> [What you need to do]: One range is to be output from the listing below, exactly as written: the line with "I think from" to the line with "Stone Studded Black", both kept.

> [Entries supplied]:
━━━━━━━━━━━━━━━━

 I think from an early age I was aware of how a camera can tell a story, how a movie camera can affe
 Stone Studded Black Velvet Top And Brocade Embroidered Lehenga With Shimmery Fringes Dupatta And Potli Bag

━━━━━━━━━━━━━━━━

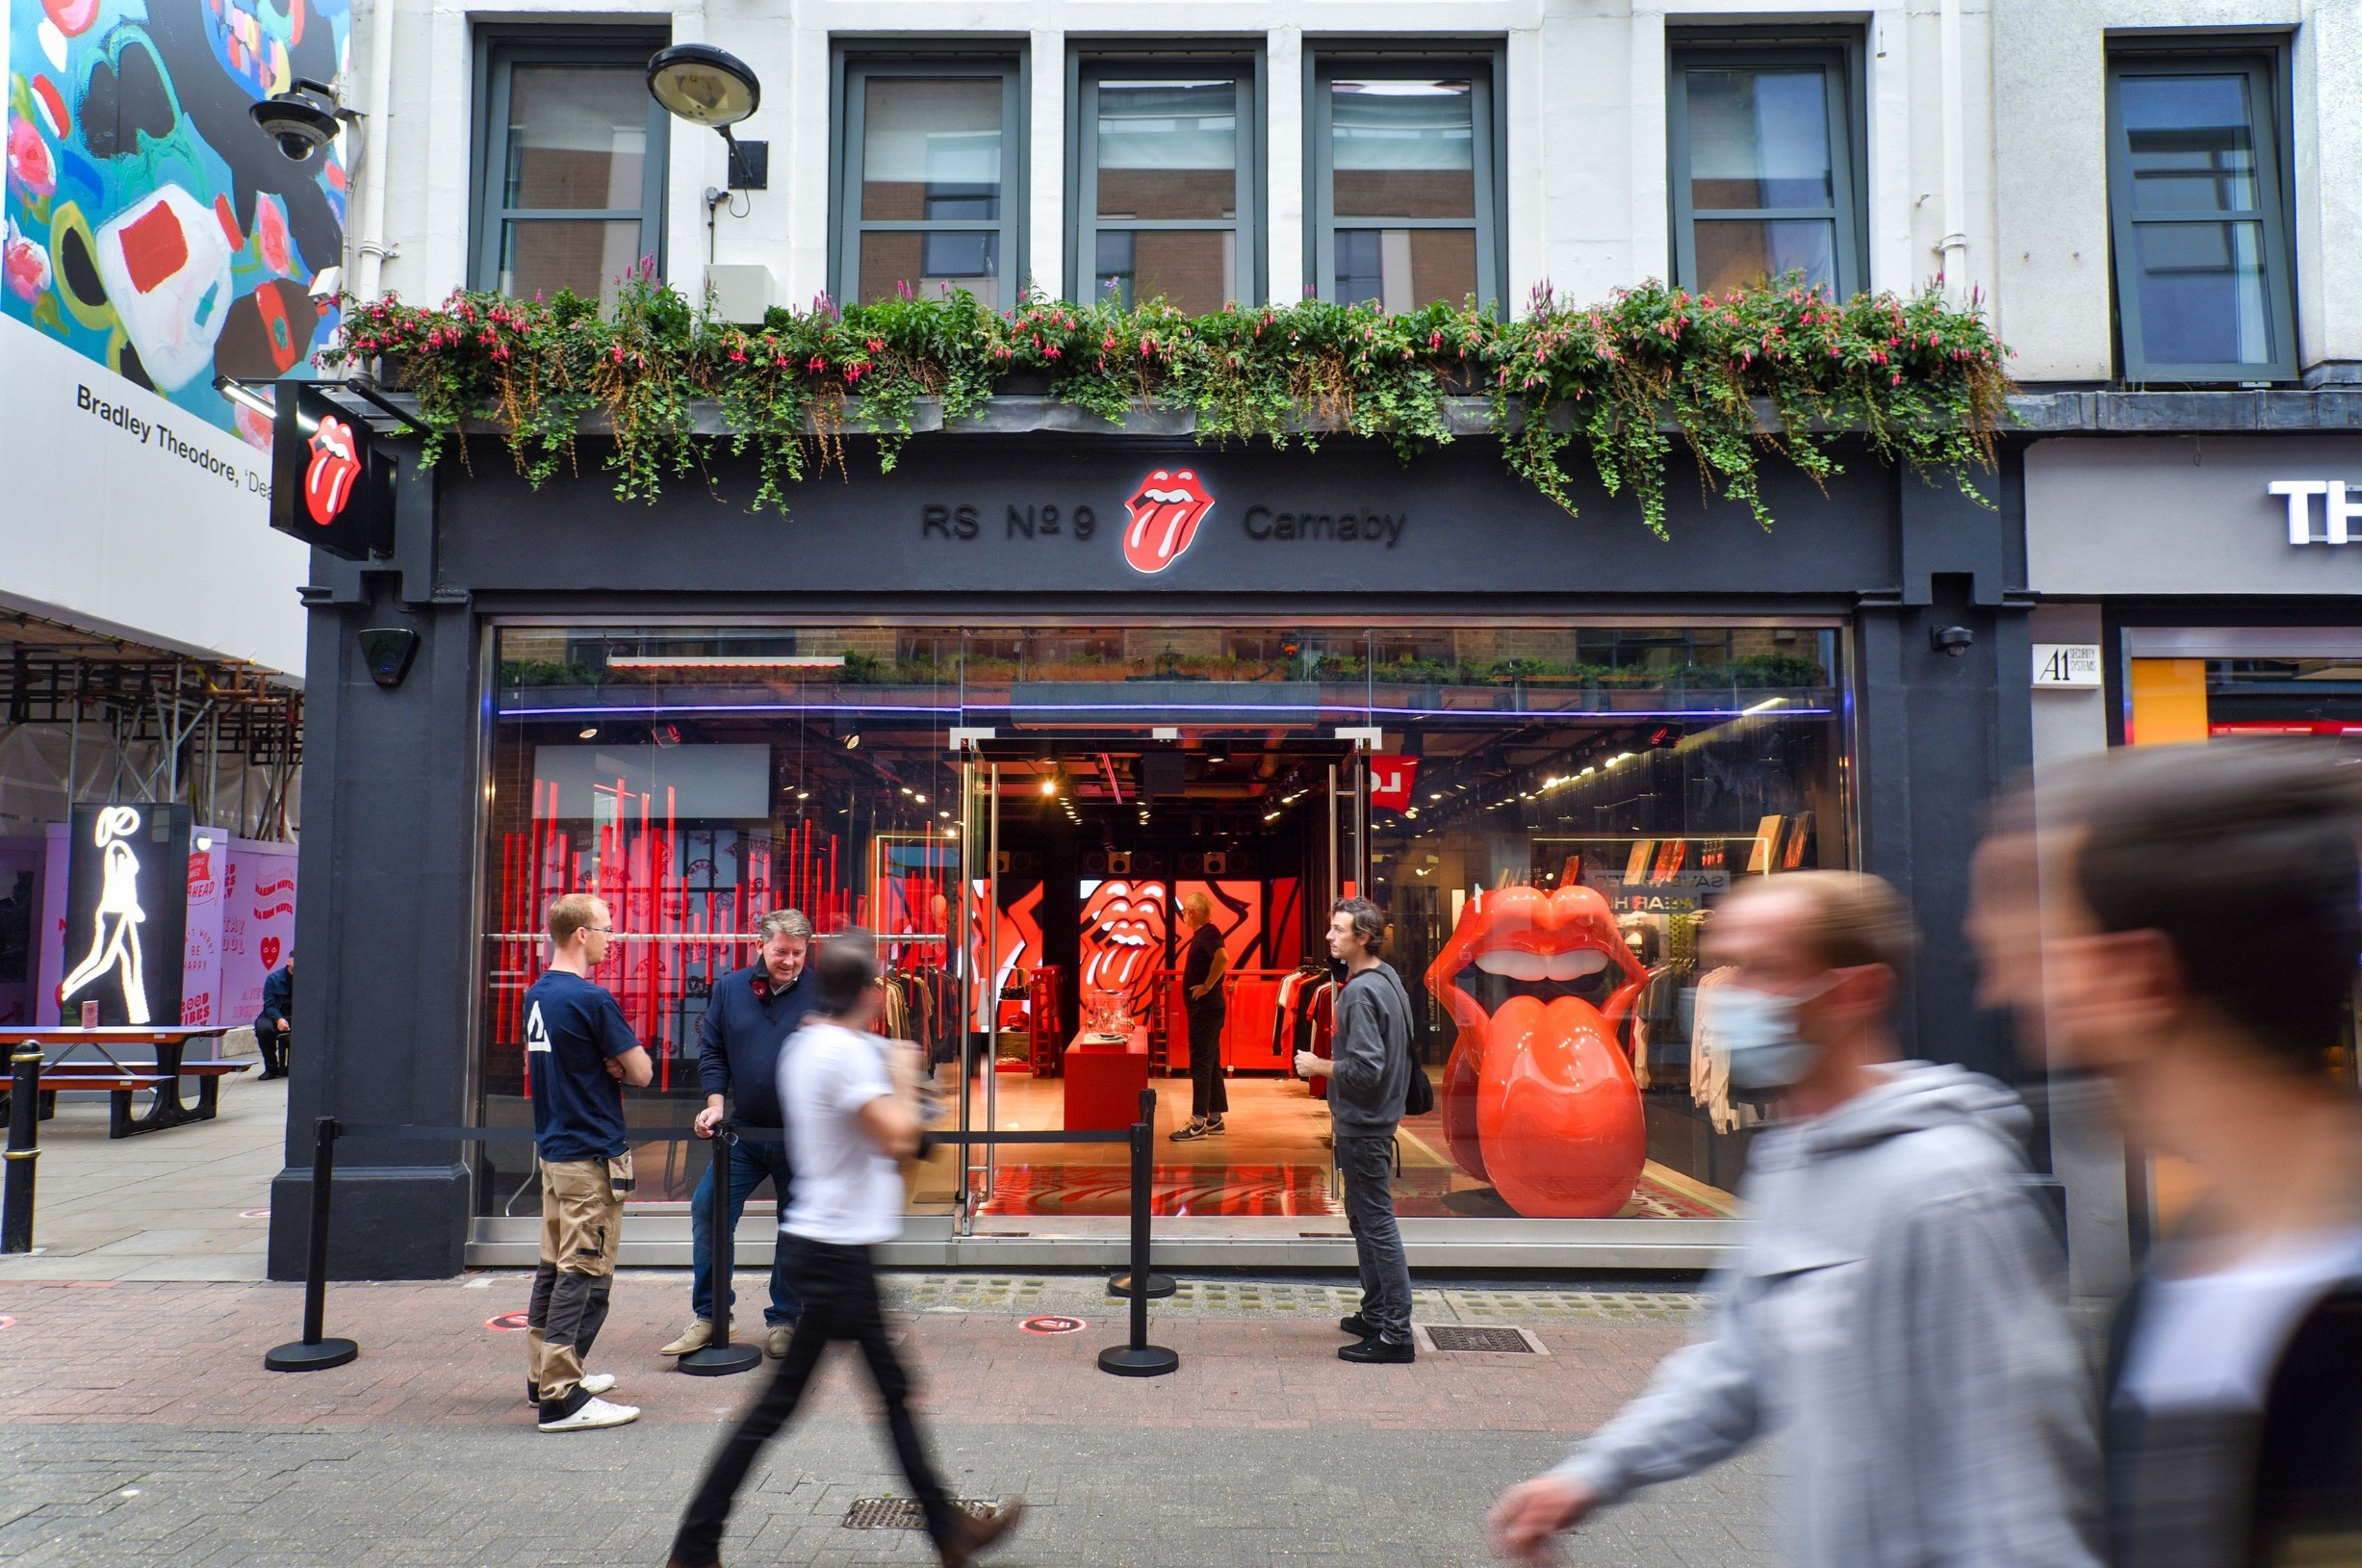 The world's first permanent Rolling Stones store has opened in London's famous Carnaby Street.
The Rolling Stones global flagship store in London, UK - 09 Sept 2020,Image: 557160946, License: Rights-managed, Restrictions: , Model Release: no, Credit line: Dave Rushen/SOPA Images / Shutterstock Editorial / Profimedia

━━━━━━━━━━━━━━━━

> [Task response]:
 I think from an early age I was aware of how a camera can tell a story, how a movie camera can affe
 Stone Studded Black Velvet Top And Brocade Embroidered Lehenga With Shimmery Fringes Dupatta And Potli Bag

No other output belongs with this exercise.